The action plan contains, most notably, a recommendation to encourage the H2Oi promoter to remove its event from the lower shore and for the city to no longer allow Boardwalk parades during Cruisin as well as to stop allowing the daily car shows to take place at the Inlet and convention center parking lots. Additionally, and these are the aspects we think deserve serious deliberations, there are a host of operational and strategical changes, such as rolling roadblocks, a curfew, closing Baltimore Avenue from 15th to 33rd streets, temporary speed bumps on the highway, increasing camera surveillance usage to track burnouts and the like and working with legislators to create a Special Event Zone, which would intensify the fine and repercussions for spinning wheels and other hazardous, yet common, rebellious acts by vehicles associated with these events in the past.

The action plan deserves a detailed review by the task force as a starting point. There are suggestions worth weighing, particularly the Special Event Zone designation that will add some teeth to some of the common infractions seen in Ocean City during these events. The message that visitors are welcome but expected to adhere to common laws will only be heard with a heavy hand.

There was a lot of strong talk from the business community against the action plan presented by the police commission. However, we think there’s a lot to consider in this document moving ahead, particularly those involving town code and state law changes that will provide police the opportunity to crack down on violators on the spot.

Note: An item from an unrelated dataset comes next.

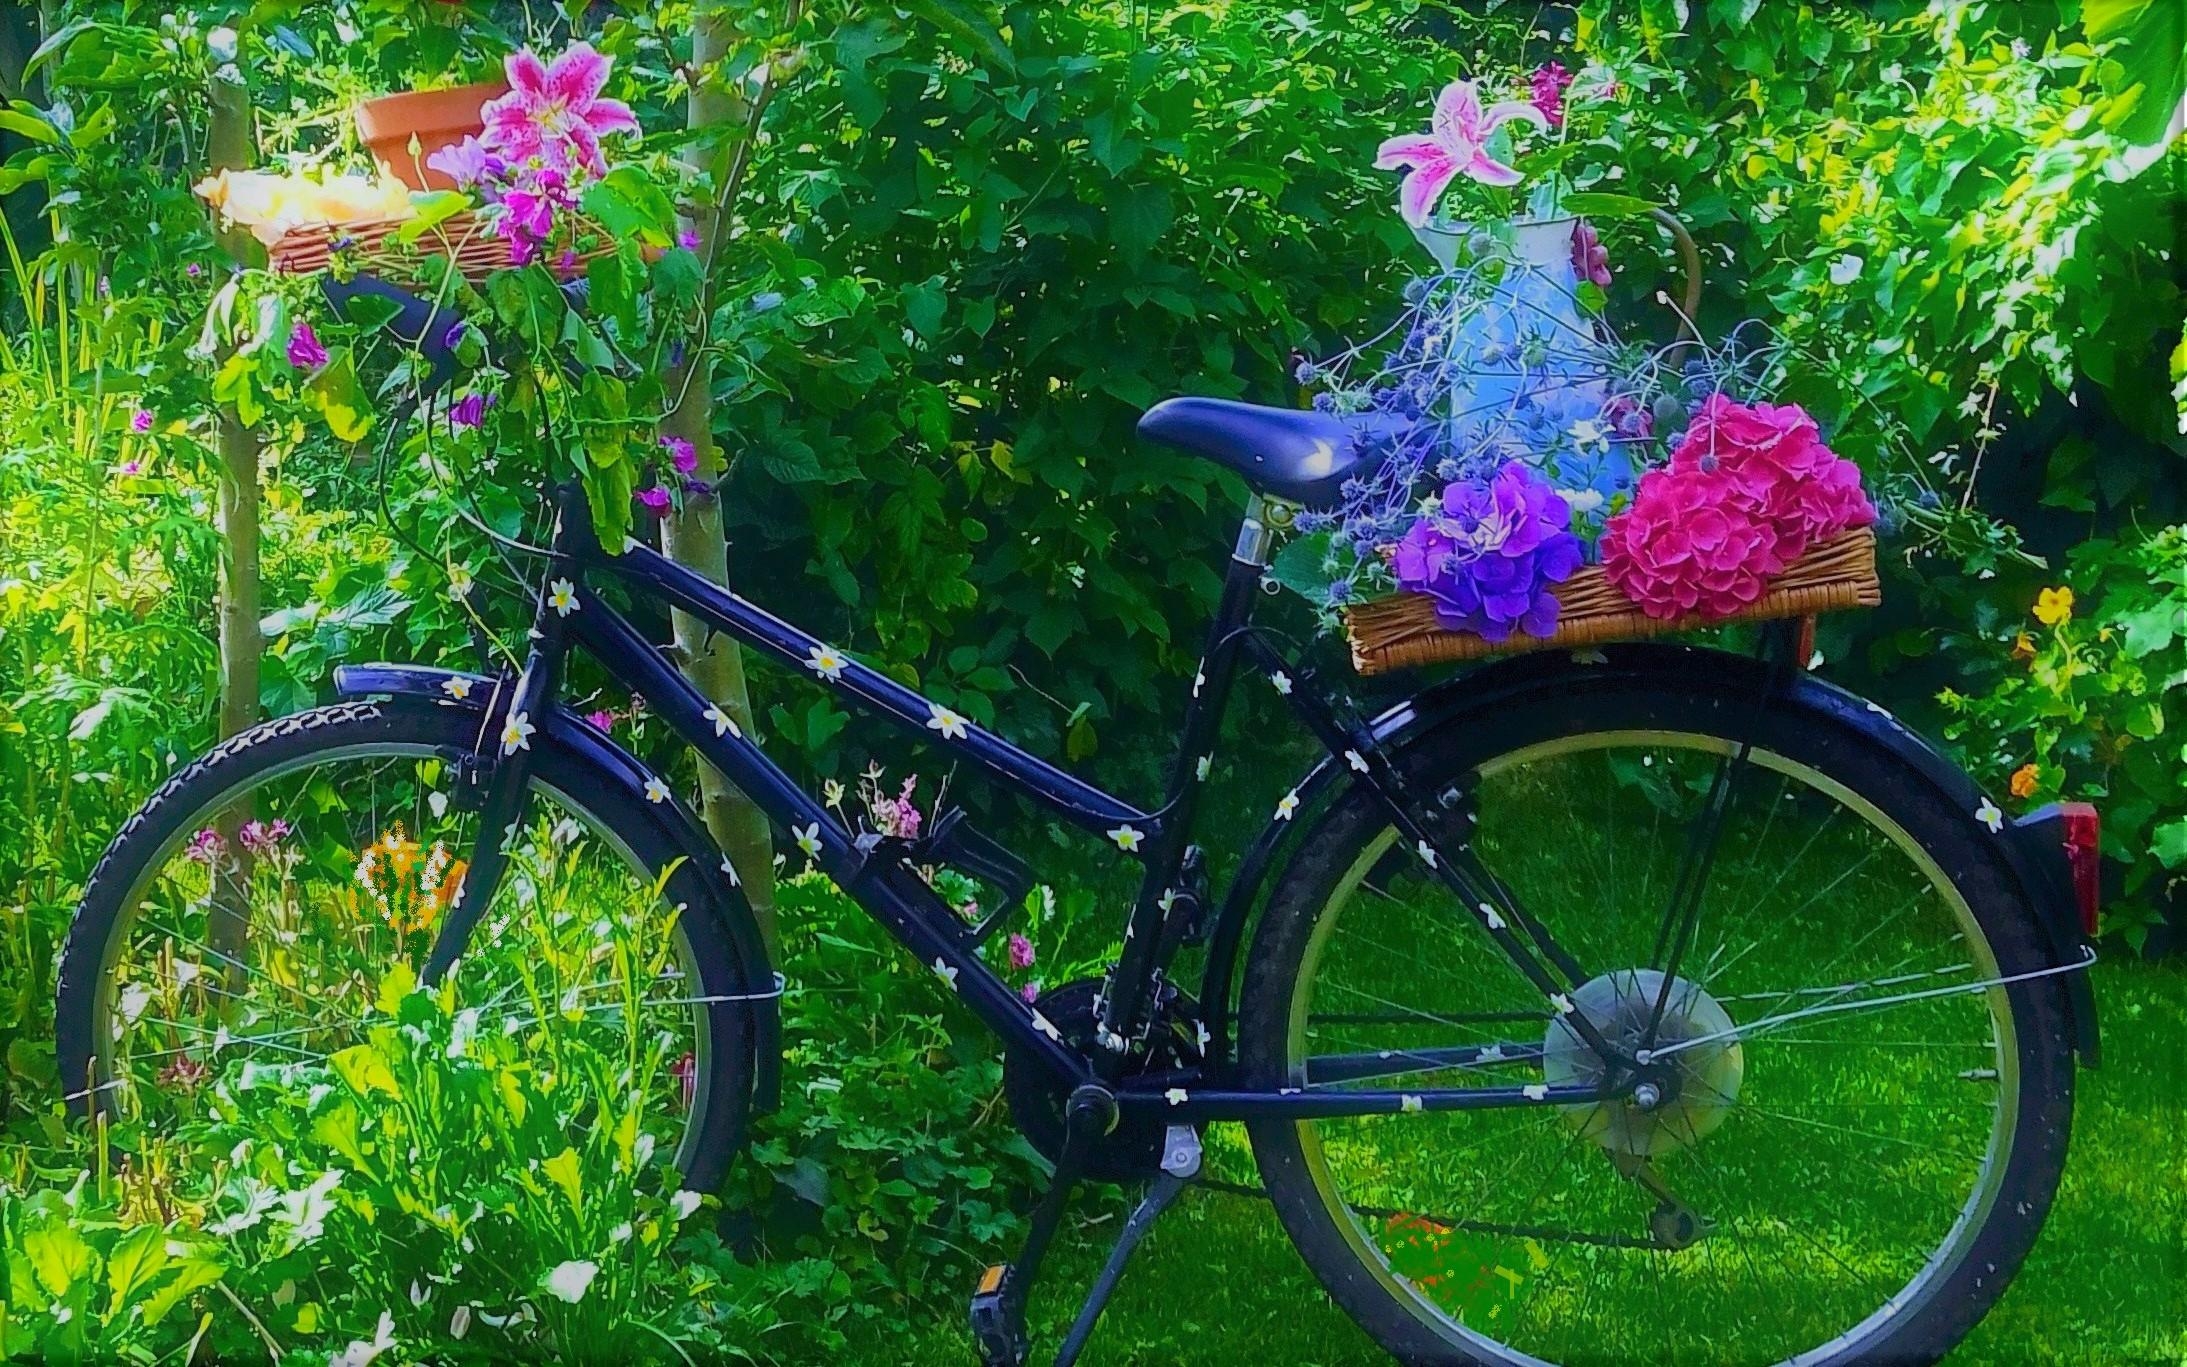 #FahrradliebtBlumen #Gartenimpression  #couchliebt
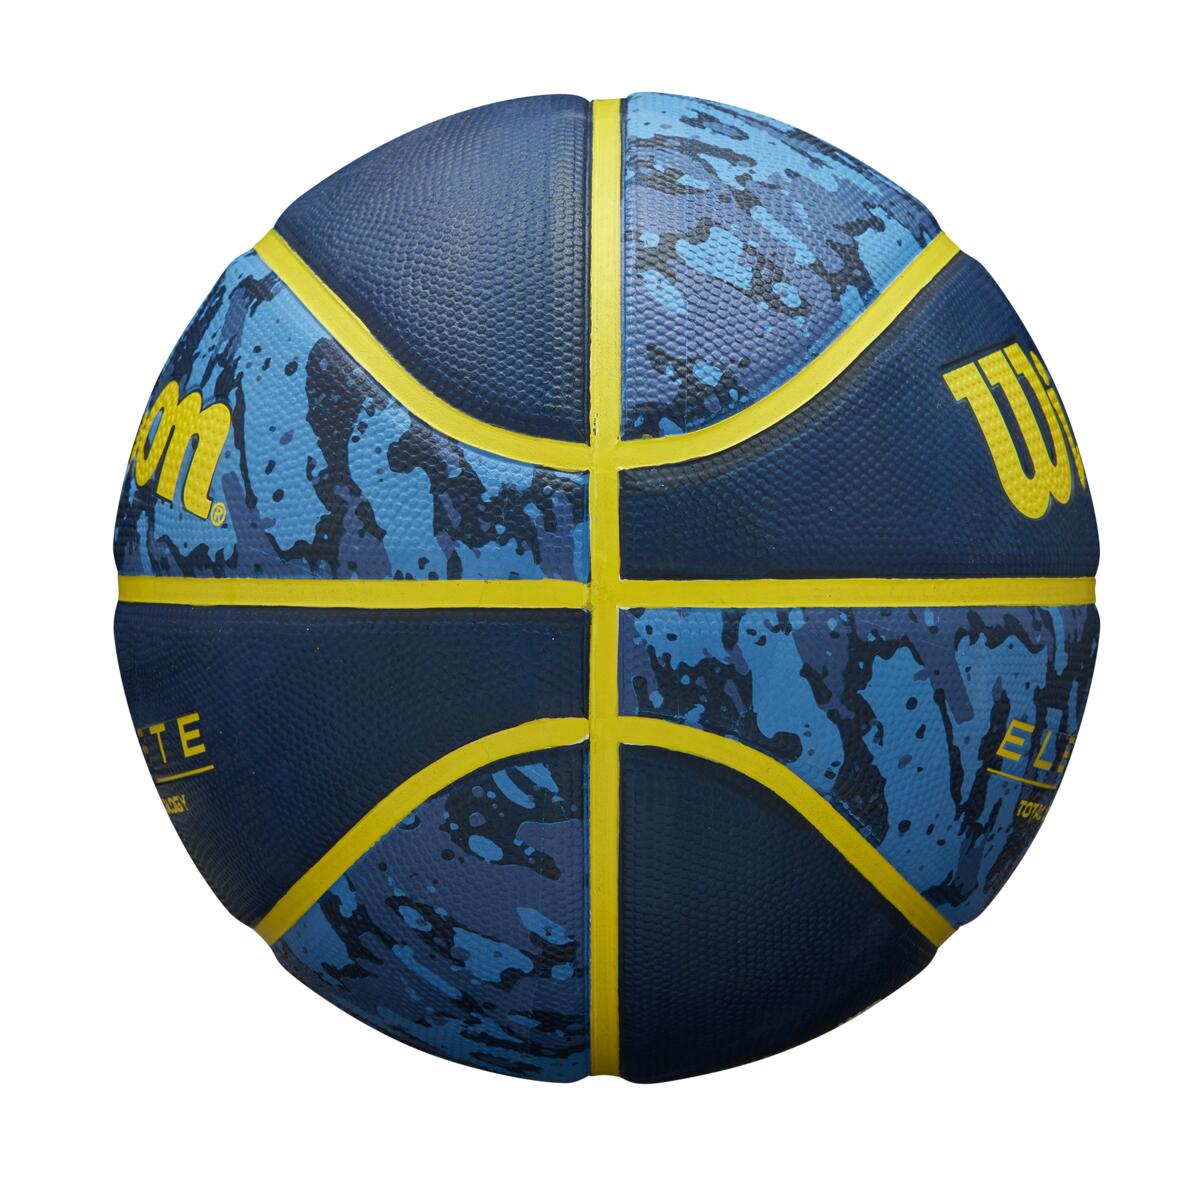 Ballons de basket Elevate Blue

Other than approving measures that result in these events having to end or relocate, the only true way to curtail the negative behaviors associated with them is to make it incredibly uncomfortable and miserable for the offenders and troublemakers.

It will be the role of the task force to recommend serious changes aimed at making these weekends more tolerable for everyone. It might not be possible, but here’s the opportunity for this diverse group to offer its own recommendations that must have a short-term impact. Another year of the same serious problems from these motor vehicle events cannot occur. Serious changes that a majority can tolerate must be a result of this effort.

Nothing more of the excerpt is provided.